### INPUT
*** Begin section ***
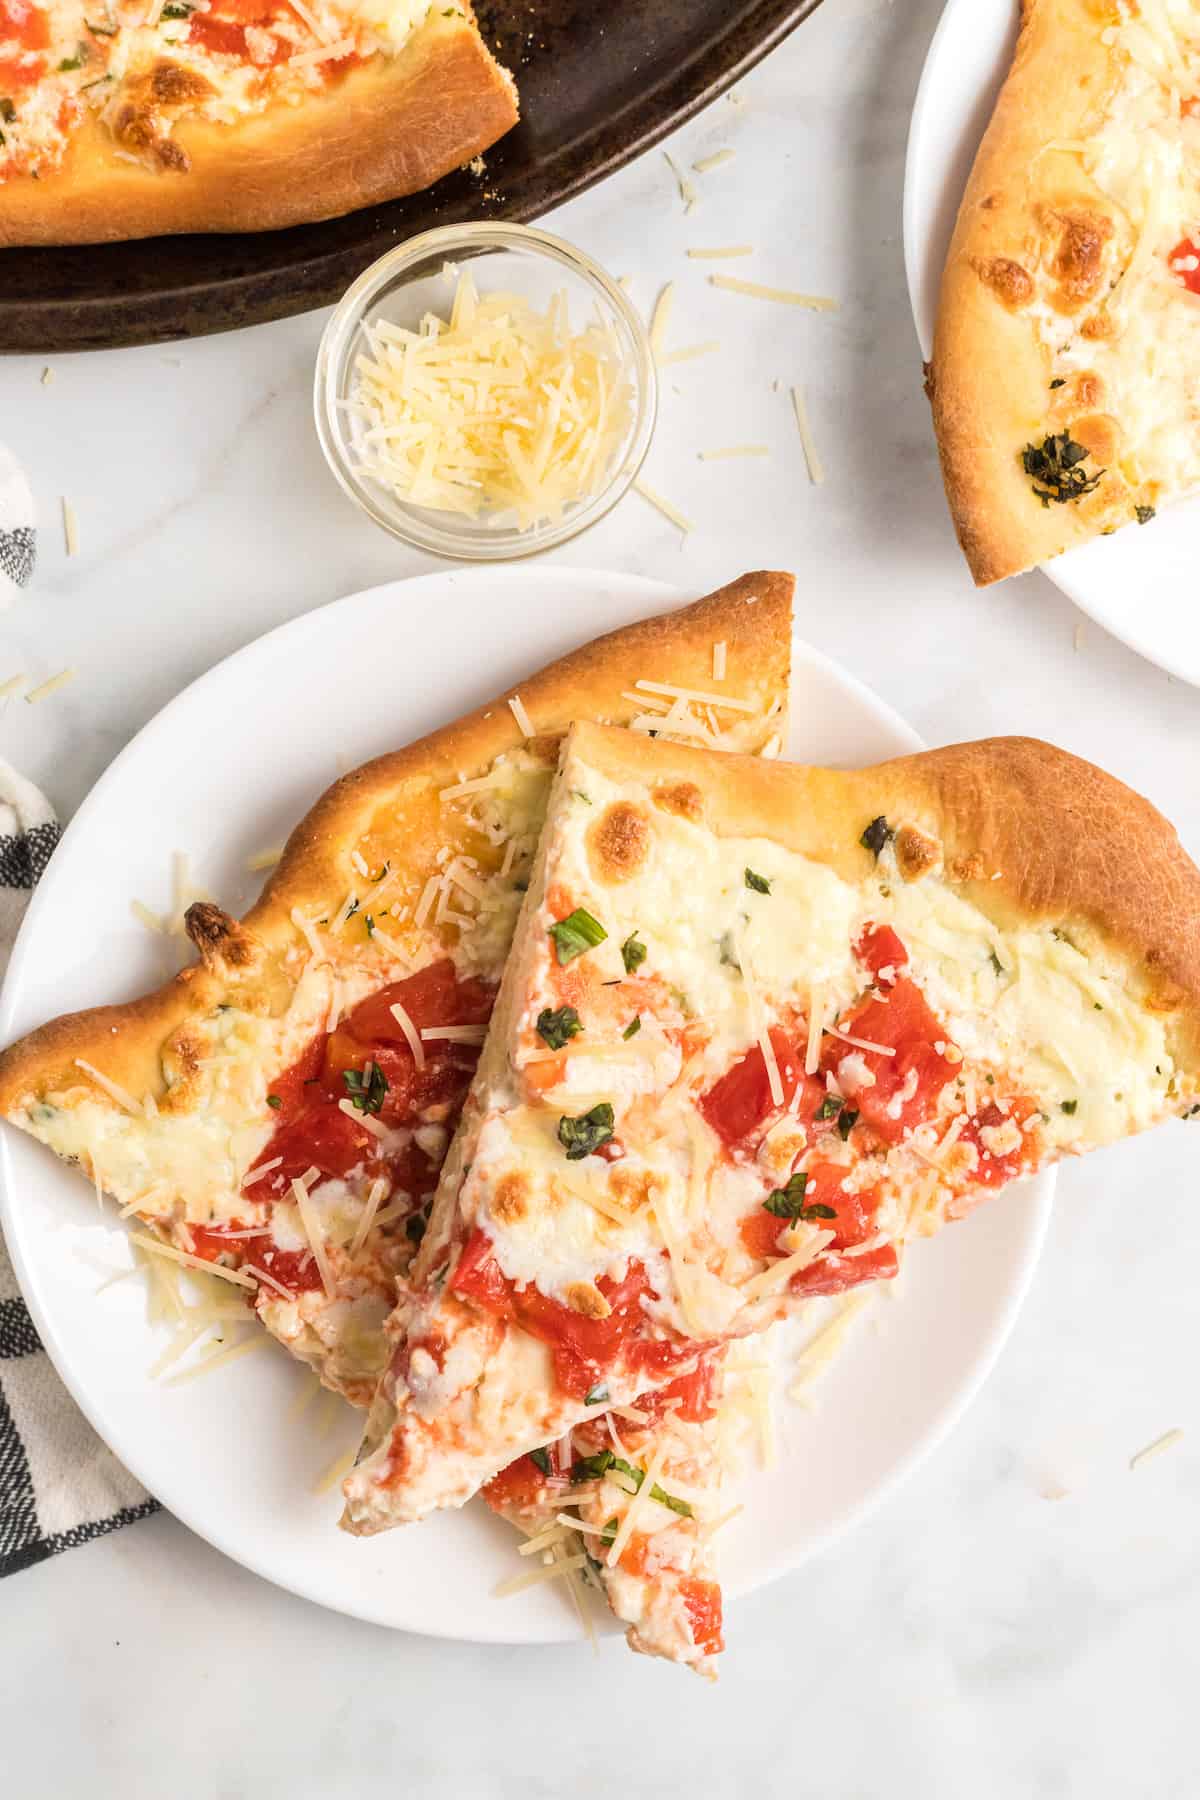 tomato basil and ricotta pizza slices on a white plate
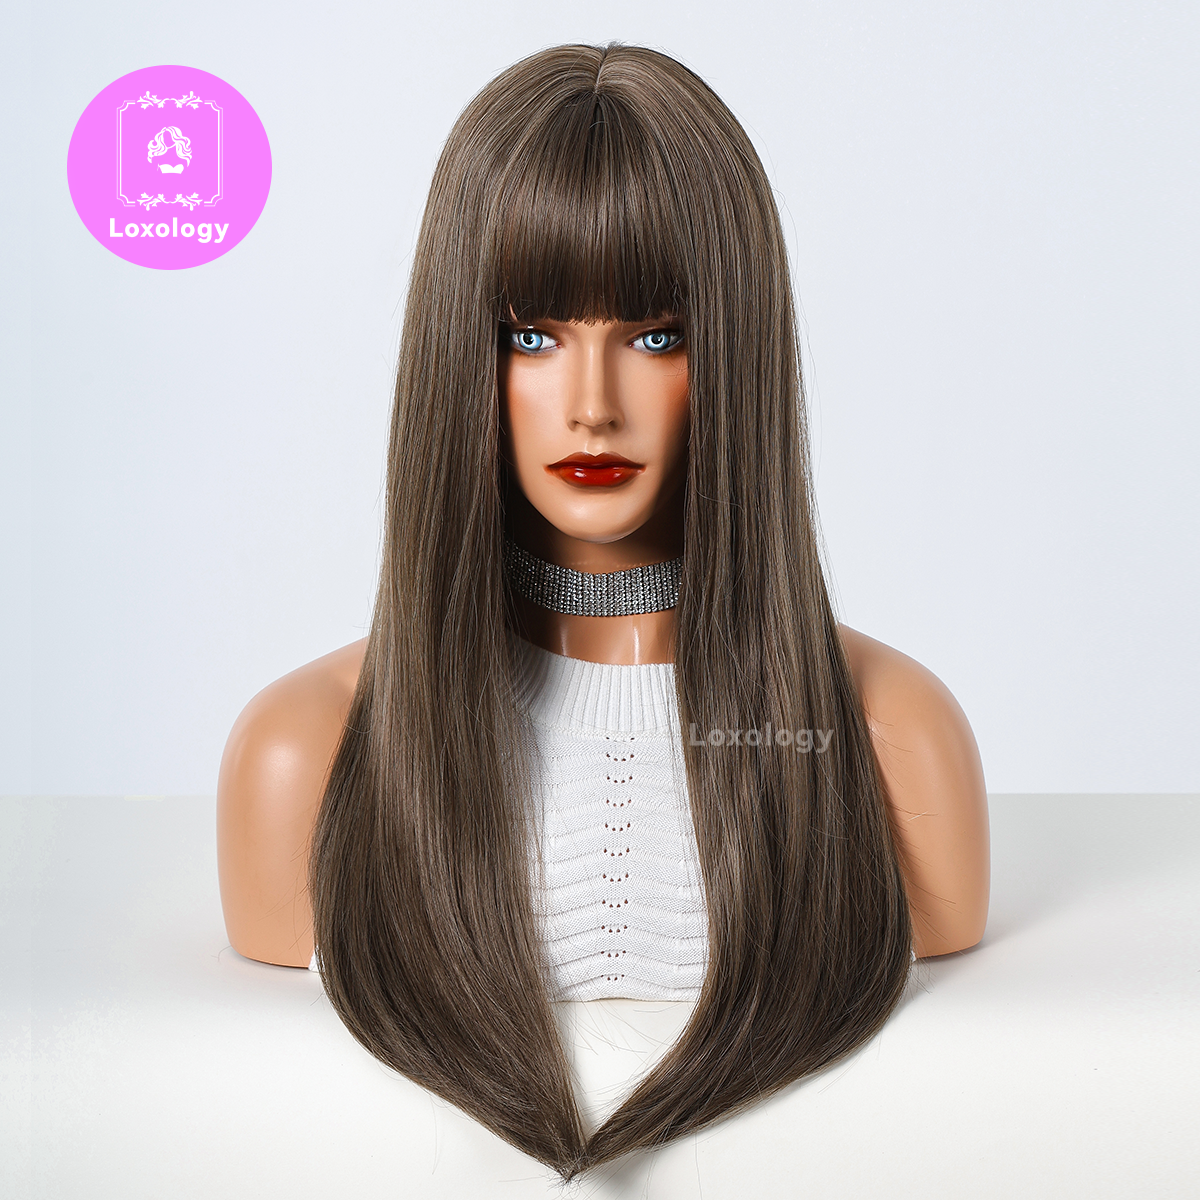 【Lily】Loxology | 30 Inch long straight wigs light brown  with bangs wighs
*** End section ***
*** Begin section ***
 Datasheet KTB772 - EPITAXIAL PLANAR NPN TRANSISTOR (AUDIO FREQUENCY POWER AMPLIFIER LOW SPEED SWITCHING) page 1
*** End section ***
### DIRECTIONS
Skip every picture, and restate word for word only the lines above from the line containing "tomato basil and" to the line containing "with bangs wighs", both of them included.

### WRITTEN ANSWER
 tomato basil and ricotta pizza slices on a white plate
 【Lily】Loxology | 30 Inch long straight wigs light brown  with bangs wighs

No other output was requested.